I'm surprised to encounter a recursive function here, I remember when I wrote
recursive functions before I knew about state stacks ... didn't learn too much
new after that ... but i used to get a lot of stack overflows, surprised now to
see recursive functions
261 /*
262 * Shrink the box by walking through each diagonal snake (SW
and NE).
263 */
(gdb) list
264 for (; off1 < lim1 && off2 < lim2 && ha1[off1] == ha2[off2];
off1++, off2++);
265 for (; off1 < lim1 && off2 < lim2 && ha1[lim1 - 1] == ha2[lim2
- 1]; lim1--, lim2--);
"snakes" are a term from myers first paper on LCS. i don't immediately recall
what it refers to, and it's quite important for understanding the terminology
of these algorithms (and this is likely that first one as it is still very
popular) ... i think a snake is a set of matching lines that can be thought of
as a diagonal path through a grid of potential line matchings, one file's line
numbers on one axis, and one file's line numbers on another.

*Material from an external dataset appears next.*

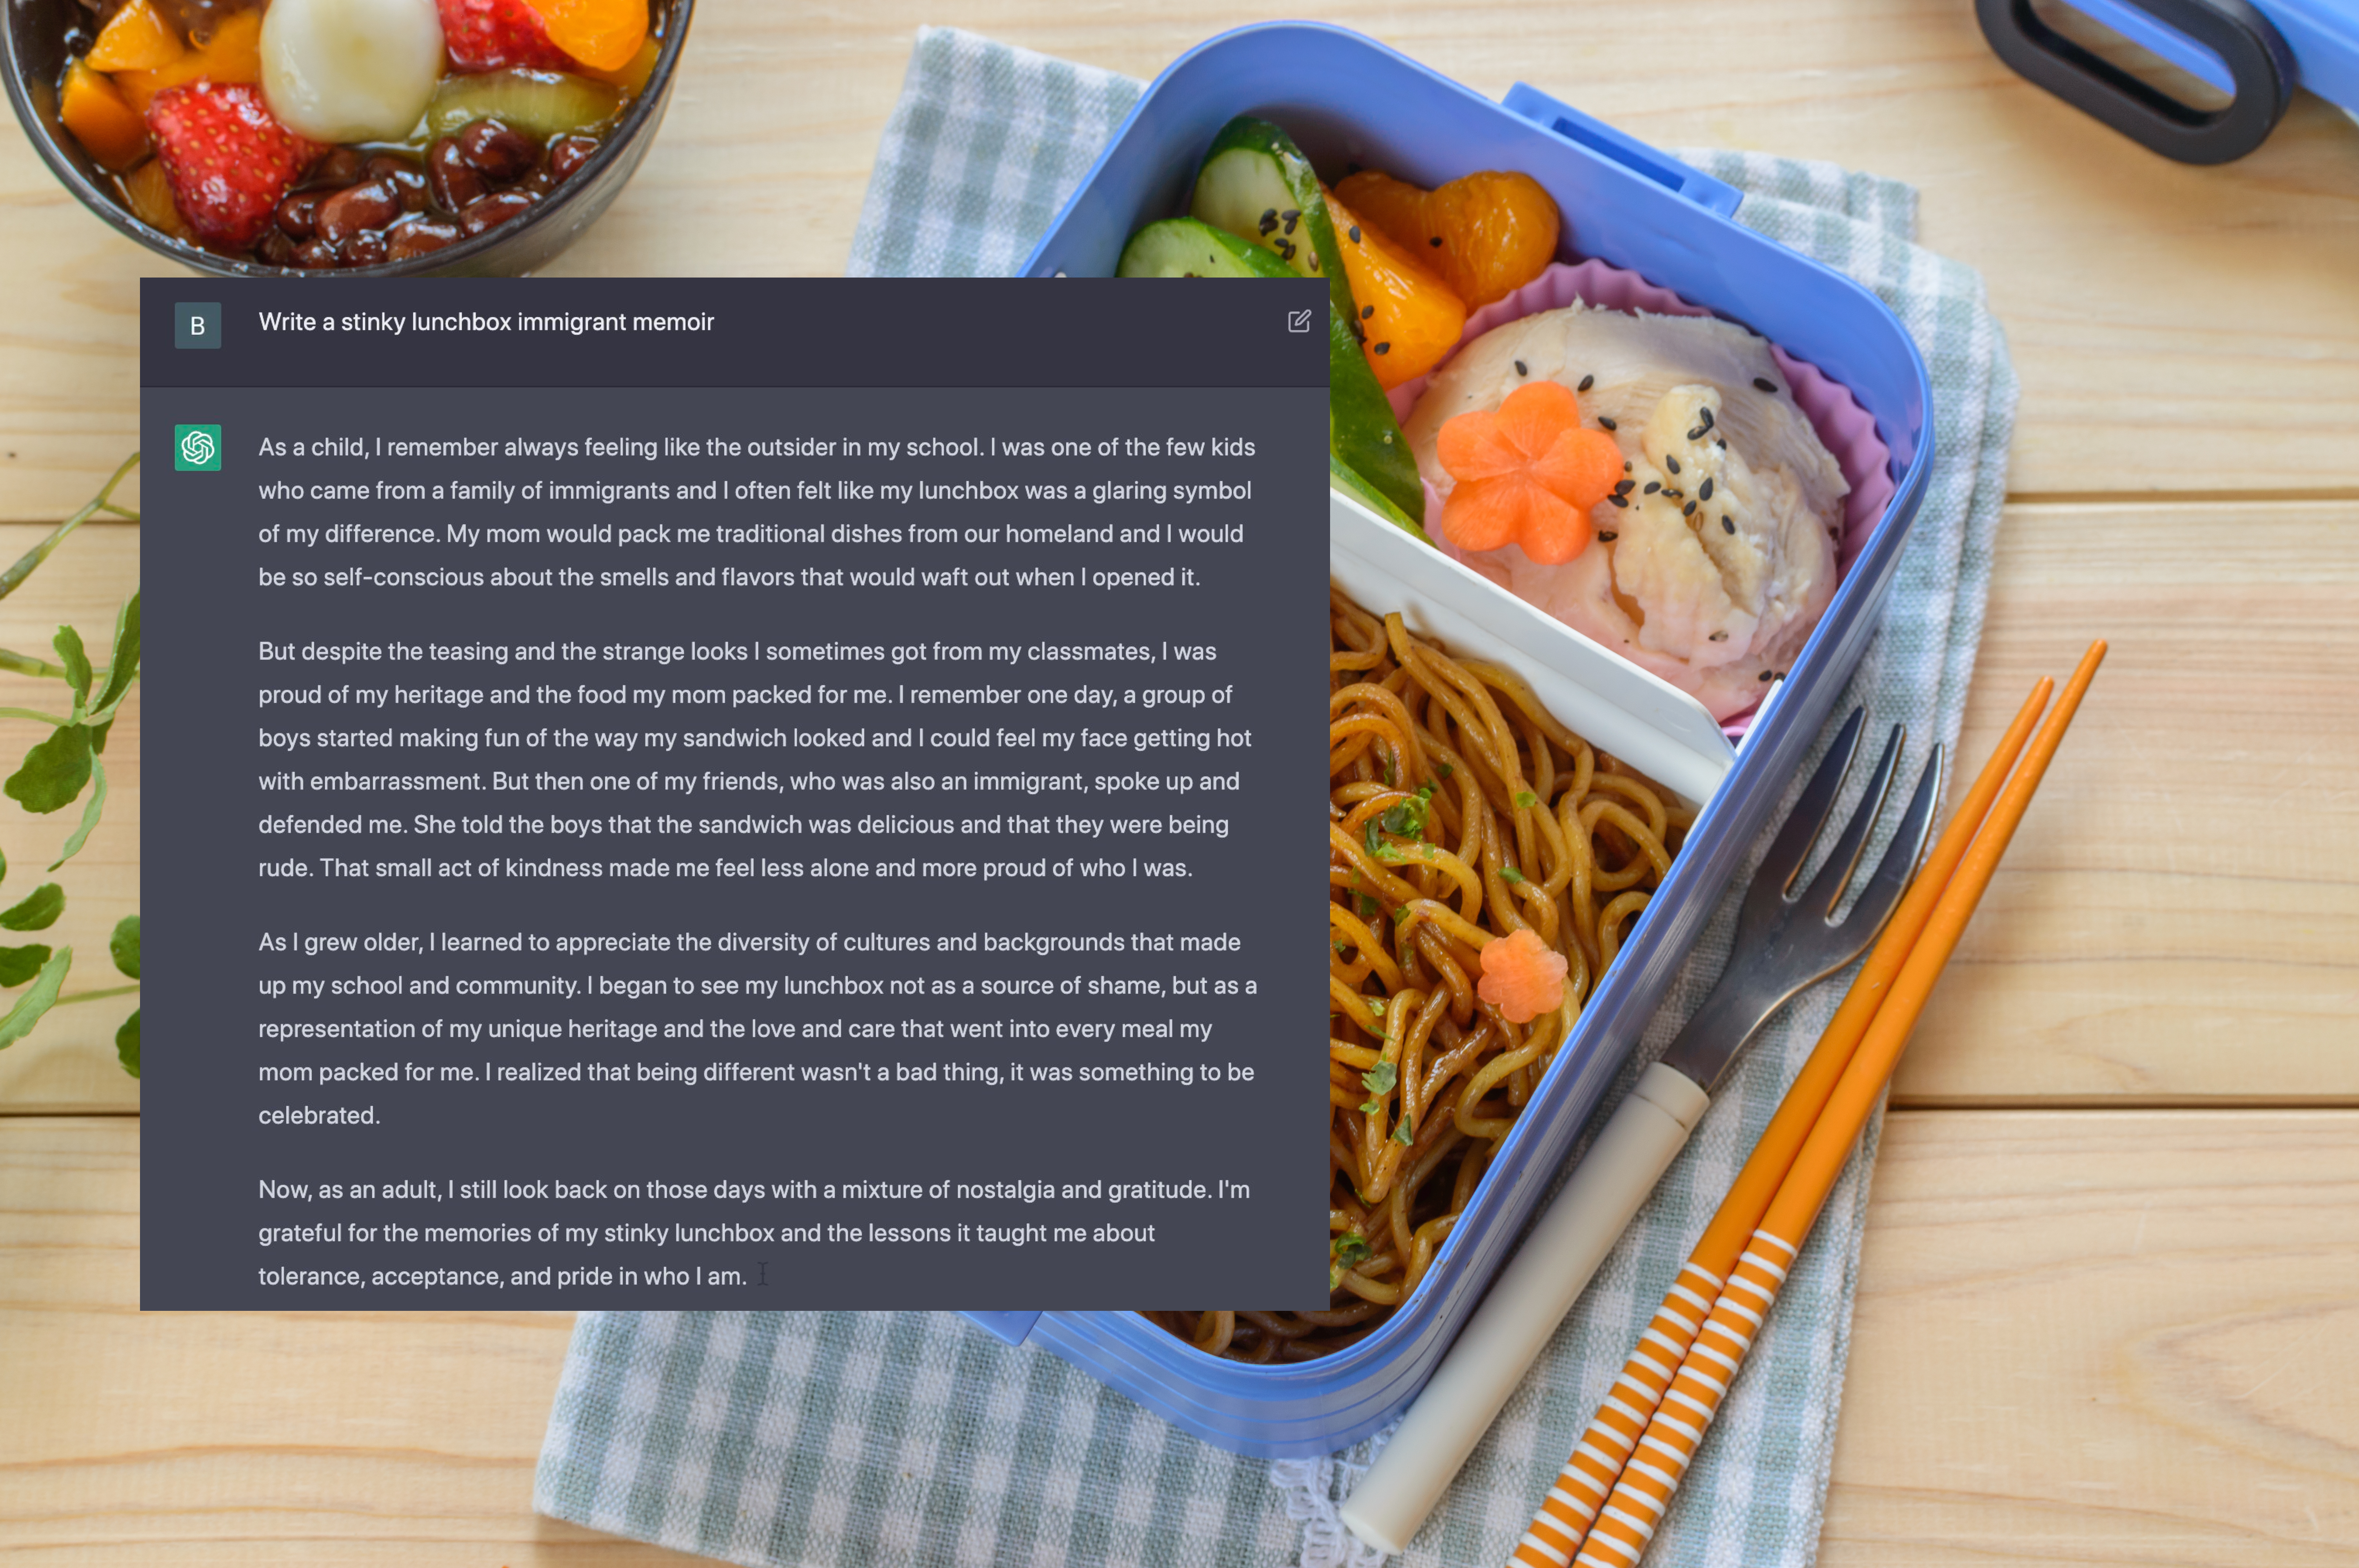 A screenshot of text generated by ChatGPT in response to the prompt “Write a stinky lunchbox immigrant memoir” on top of a photo of a lunchbox containing noodles and cut vegetables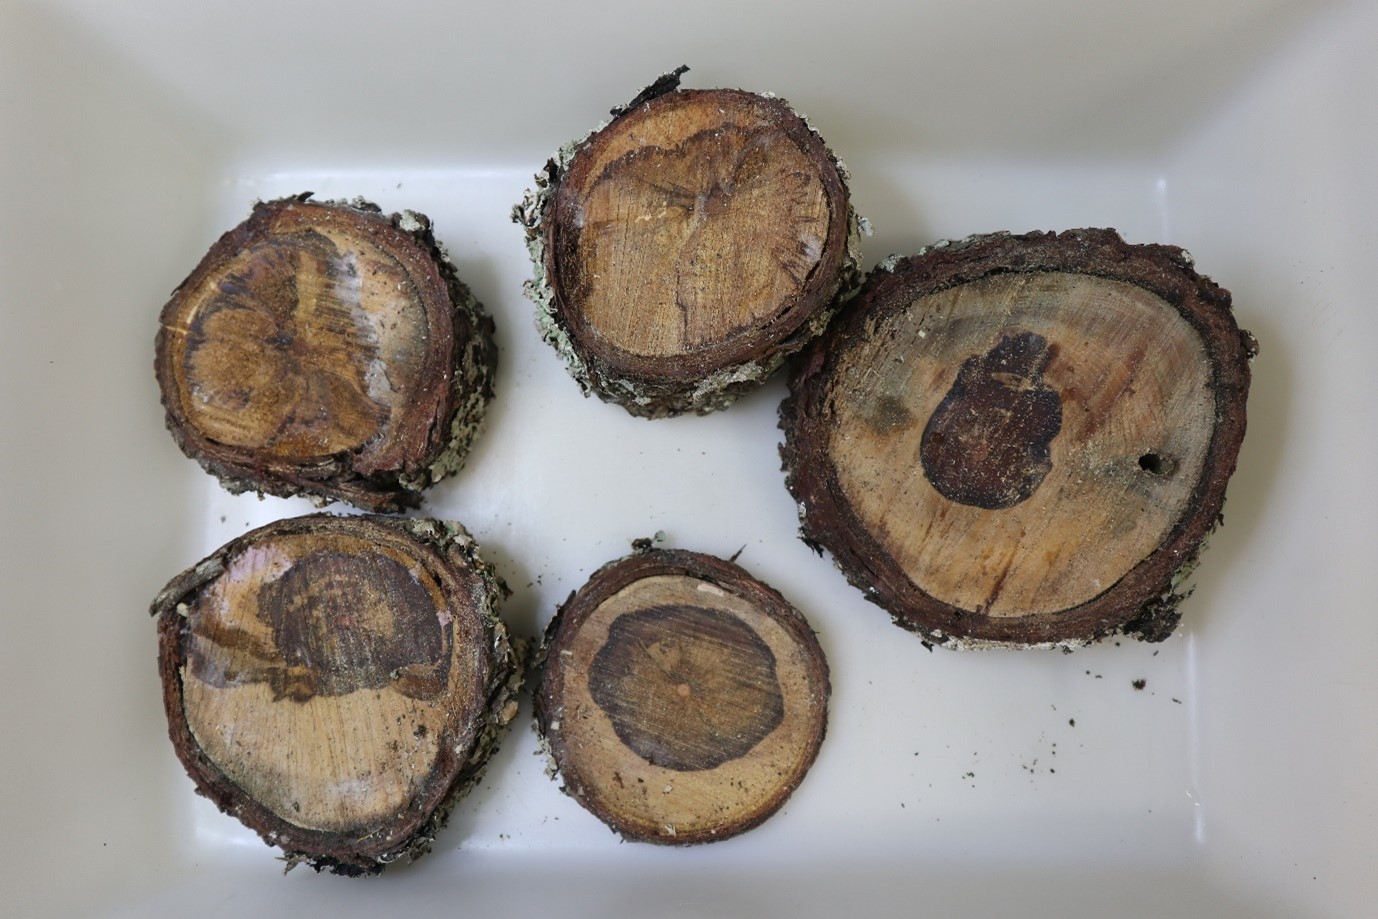 Five cross sections of a tree showing fungal growth lying flat in plastic container

so in 264 and 265 above, it's looking for starting and ending lines that match,
and increasing off and decreasing lim to narrow the problem domain
after these lines it then runs some quick checks for unchangedness, if either
pair of offs and lims end up touching. we won't have that condition as the
window is only partly filled. the ending lines will mismatch; the condition
ha1[lim1 - 1] == ha2[lim2 - 1] will be false.
i guess i'd better step into that and verify i'm right!